STORED DATA
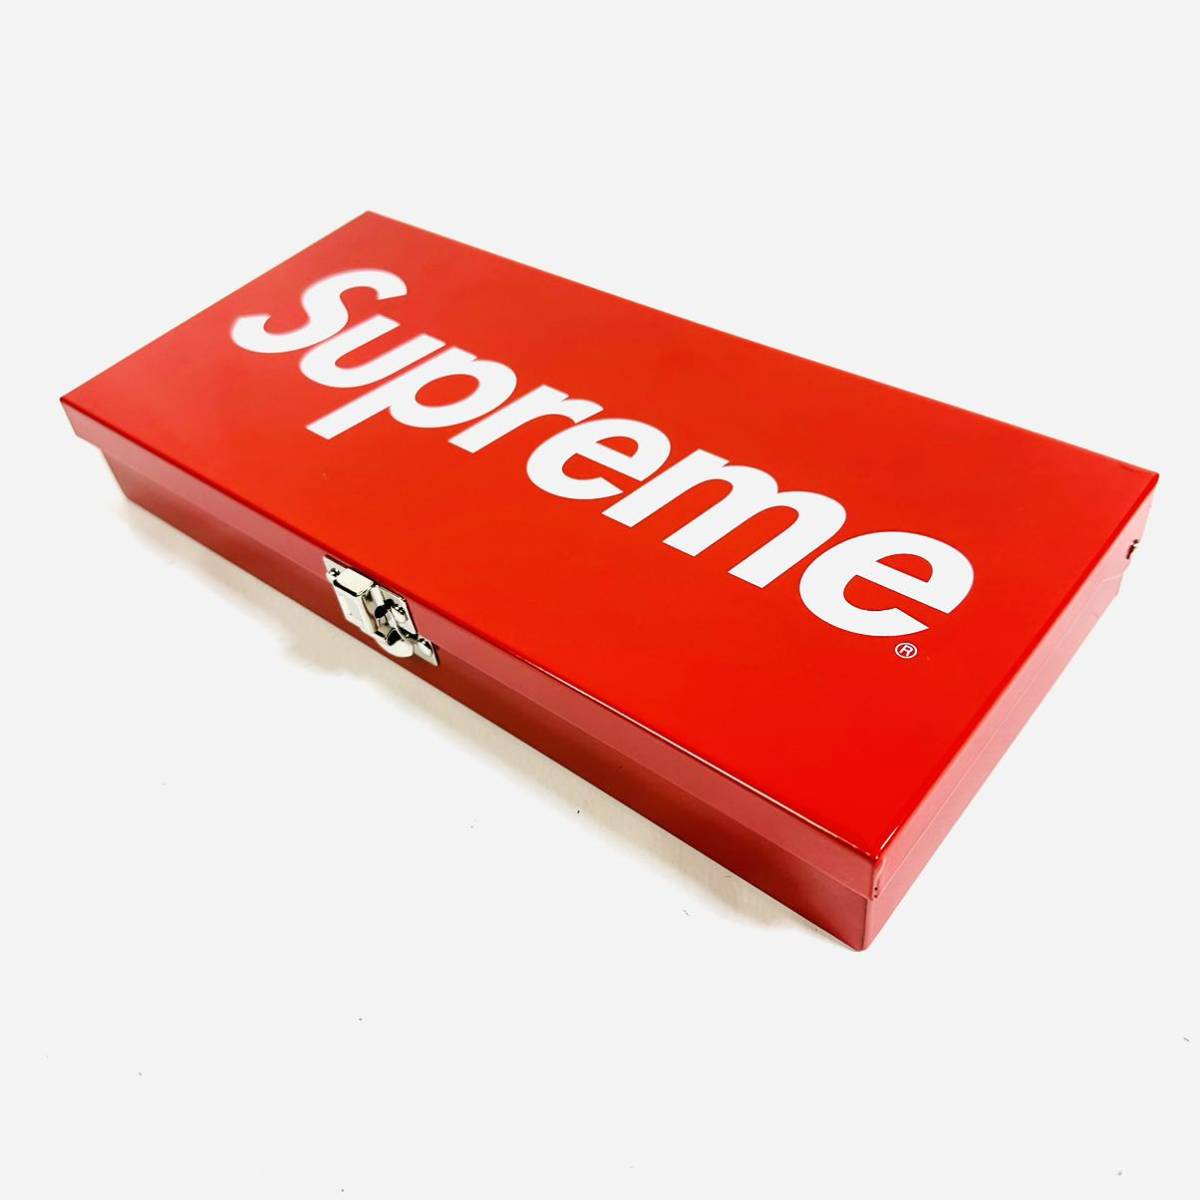 【未使用】Supreme シュプリーム ロックボックス レッド ホワイト ロゴ 金属製 金庫 工具箱 小物入れ 収納ケース ツールボックス
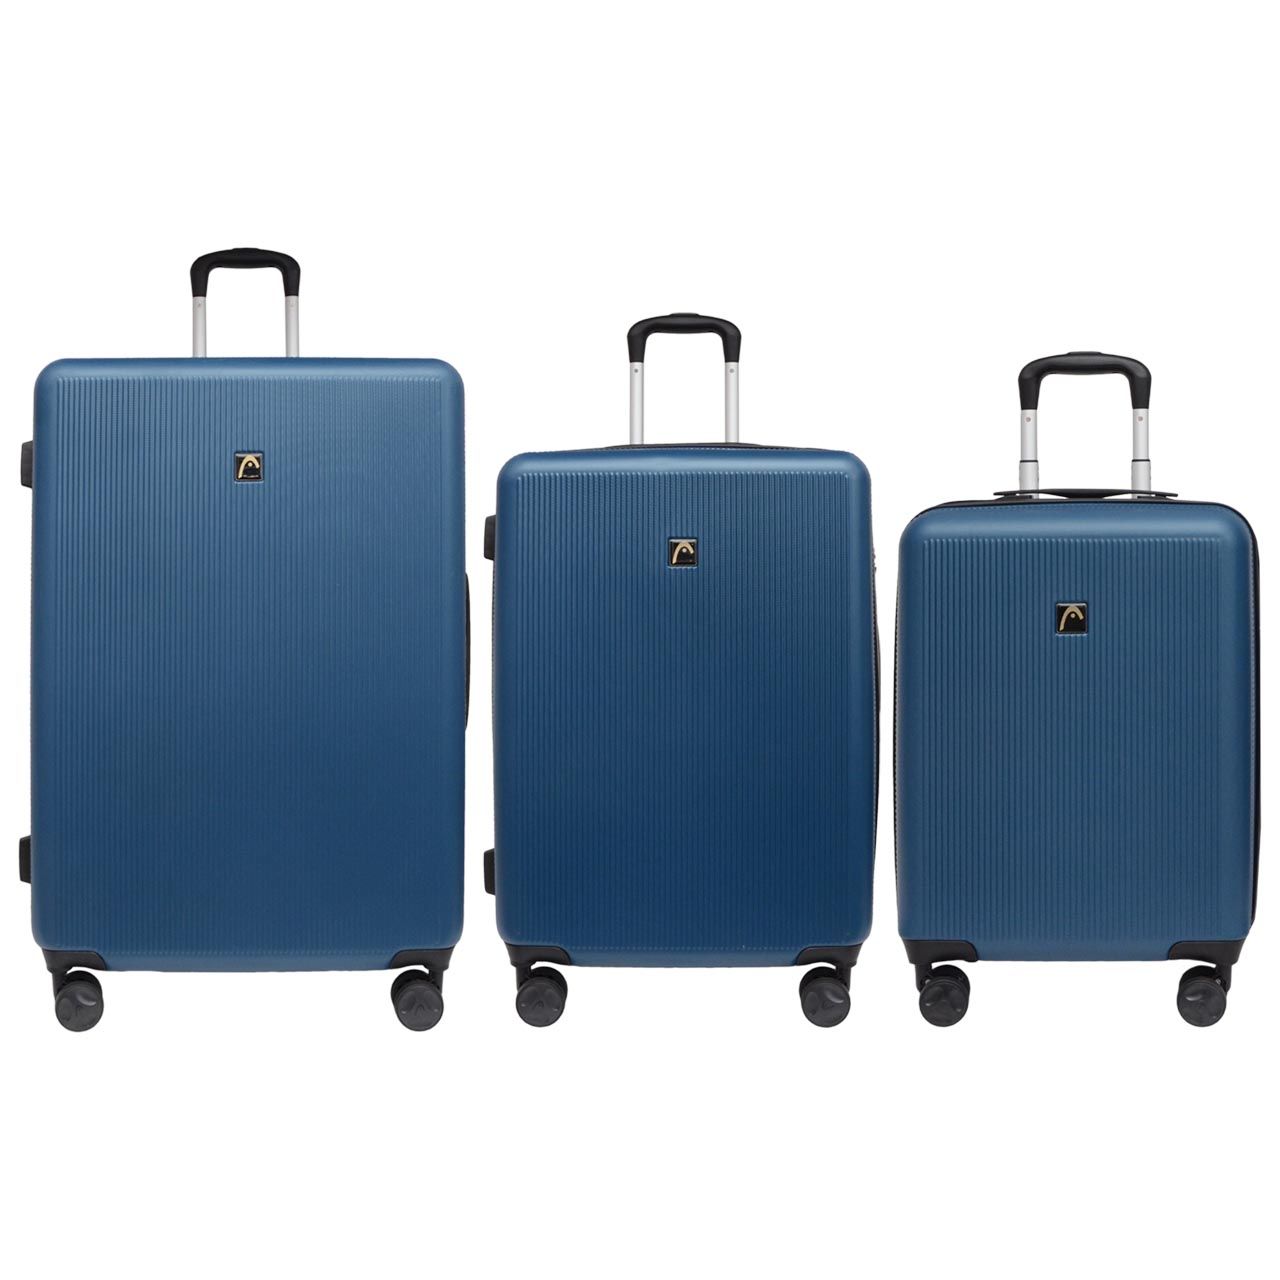 مجموعه سه عددی چمدان هد مدل HL 006 -  - 5
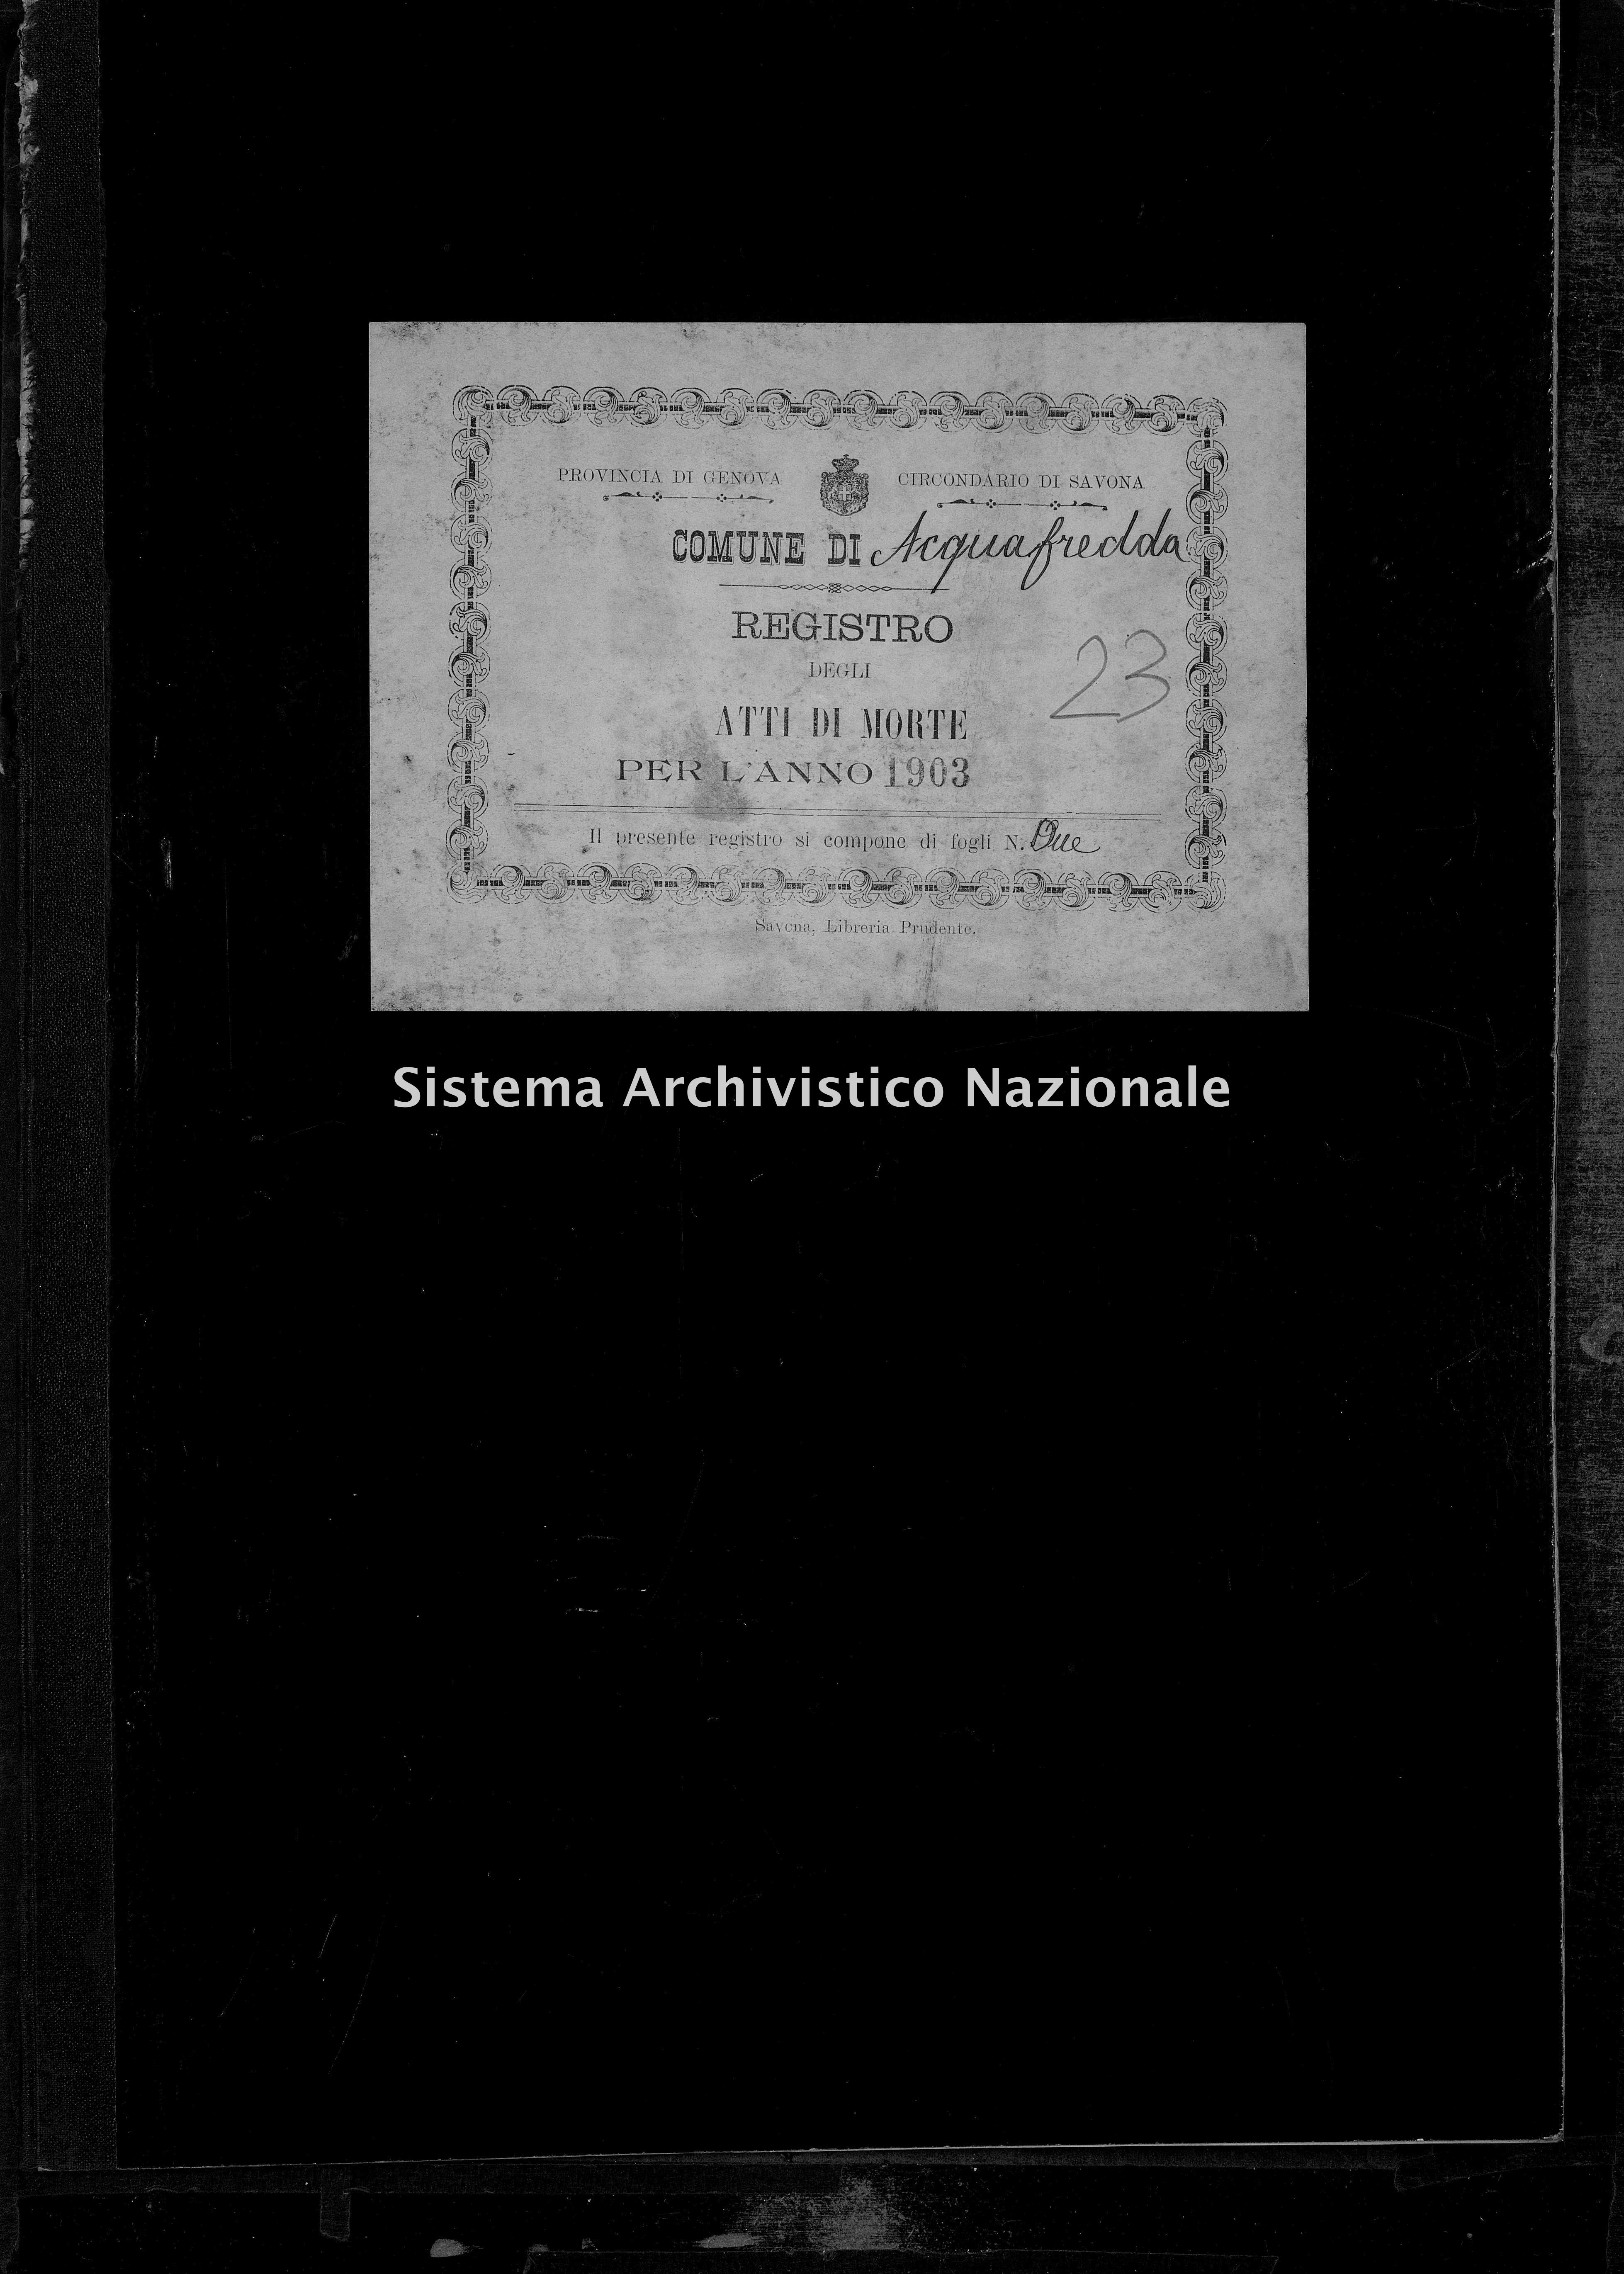 Archivio di stato di Savona - Stato civile - Acquafredda - Morti - 1903 - 23 -

BRIEF
Give back the full data exactly as it reads, but drop the pictures.

EXERCISE SOLUTION
 【未使用】Supreme シュプリーム ロックボックス レッド ホワイト ロゴ 金属製 金庫 工具箱 小物入れ 収納ケース ツールボックス
 مجموعه سه عددی چمدان هد مدل HL 006 -  - 5
 Archivio di stato di Savona - Stato civile - Acquafredda - Morti - 1903 - 23 -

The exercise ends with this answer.